“公路!”
羊耽往前迈了几步,脸上流露着笑容。
或许在这伞盖之外,二人各自有着不同的立场,也有着这般那样的身份。
可在这伞盖之下,羊亦视袁术就是自己此生难得的好友。
故人重逢,终究是欣喜的。
“啪!”
羊与袁术四目相对,相互用力地托着对方的手臂,目光都在不自觉地打量着对方的变化。
“公路风采依旧……………”
“挚友姿容更胜往昔……………”
当这两句话脱口而出,然后就忍不住同时笑了起来。
而后,羊耽拉着袁术到伞盖之下落座,然后指着刚刚升起的小火炉,说道。
“酒未温,友已至,此实非待客之道。”
“挚友何以说这等话,谁是客?何处有客?”
袁术随手拿起摆放在桌案上的果子,然后剥起了皮,目光不自觉地掠过了羊腰间那一条熟悉的凝脂温玉腰带,目光一滞,道。
“挚友怎么还系着这一条凝脂温玉腰带?这都多少年了,这腰带居然还没有坏?”
羊伸手往那条凝脂温玉腰带按了按,然后笑着说道。“不瞒公路,年前之时,这腰带坏了一回。”
“坏了,挚友怎么没有换一条?我可不是会为这等小事而恼。”
顿了顿,袁术摇着头地说道。
“再者,以挚友今时今日的身份,这一条腰带倒是已经配不上挚友了。挚友若是缺腰带,转头我让人给挚友打造一条更好的,也绝对会是当世绝无仅有的腰带。”
羊耽摆了摆手,道。
“你呀,难不成是借故想将这条腰带给讨要回去不成?这我可不允,年前这腰带坏了之后,我家昭姬那可是废了许多功夫才帮我重新修好。”
顿了顿,羊耽往小火炉里又添了一块炭,说道。
“再者,这腰带对我而言可是别有意义,就是不知当世还有几人记得腰带之交。”
袁术原本开口提出给羊换一条腰带,还当真没有别的心思,但不知为何听了羊的这一句,只觉得眼眶发热,鼻头也有些泛酸。
腰带之交……………
腰带之交……………
在羊耽流传于世的许多传闻当中,腰带之交显得是那般的不起眼。
可当羊重提此事之时,袁术就有止不住的感触涌上心头。
那是与挚友的初见………………
袁术已然不记得那一场雅集具体有谁参加,又是什么天气,就连周遭环境都有些模糊了,但唯独没有忘记羊的面容。
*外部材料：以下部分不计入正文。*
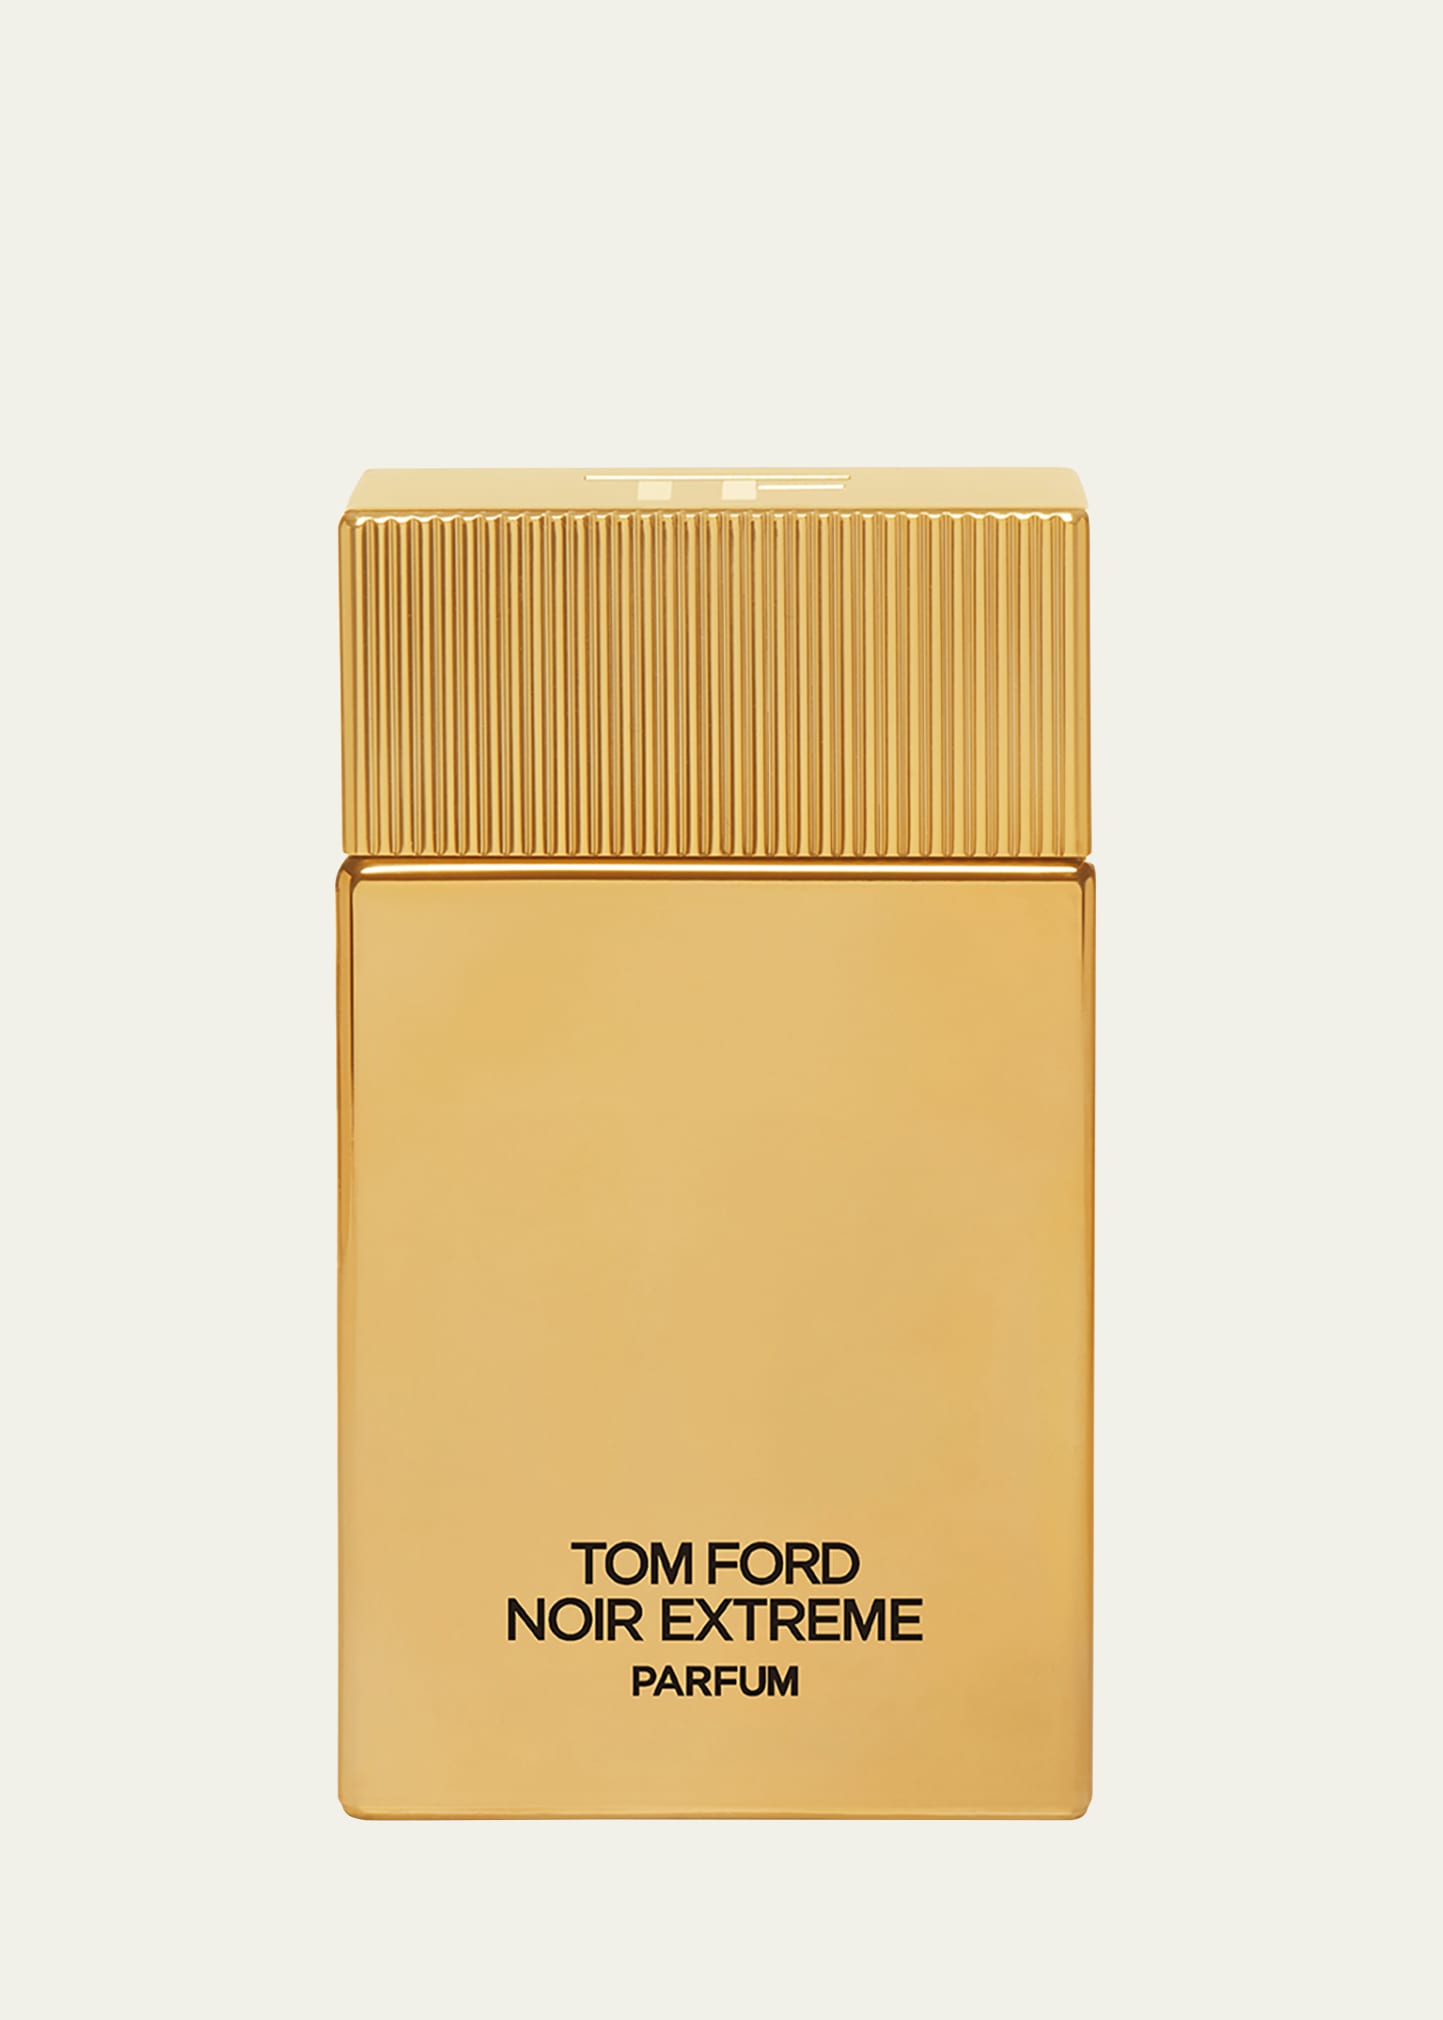 TOM FORD Noir Extreme Parfum, 3.4 oz.

如今回想起来,袁术觉得自己当时必然也是风姿绰约,尽显四世三公袁氏子的风范,这才使得两人那是一见如故,引为知己。
不知不觉中,袁术手中的果子已经去了皮。
不过袁术没有塞入口中,而是直接递到了羊的面前,道。“这天气闷热,挚友且吃点瓜果解暑。”
“好。”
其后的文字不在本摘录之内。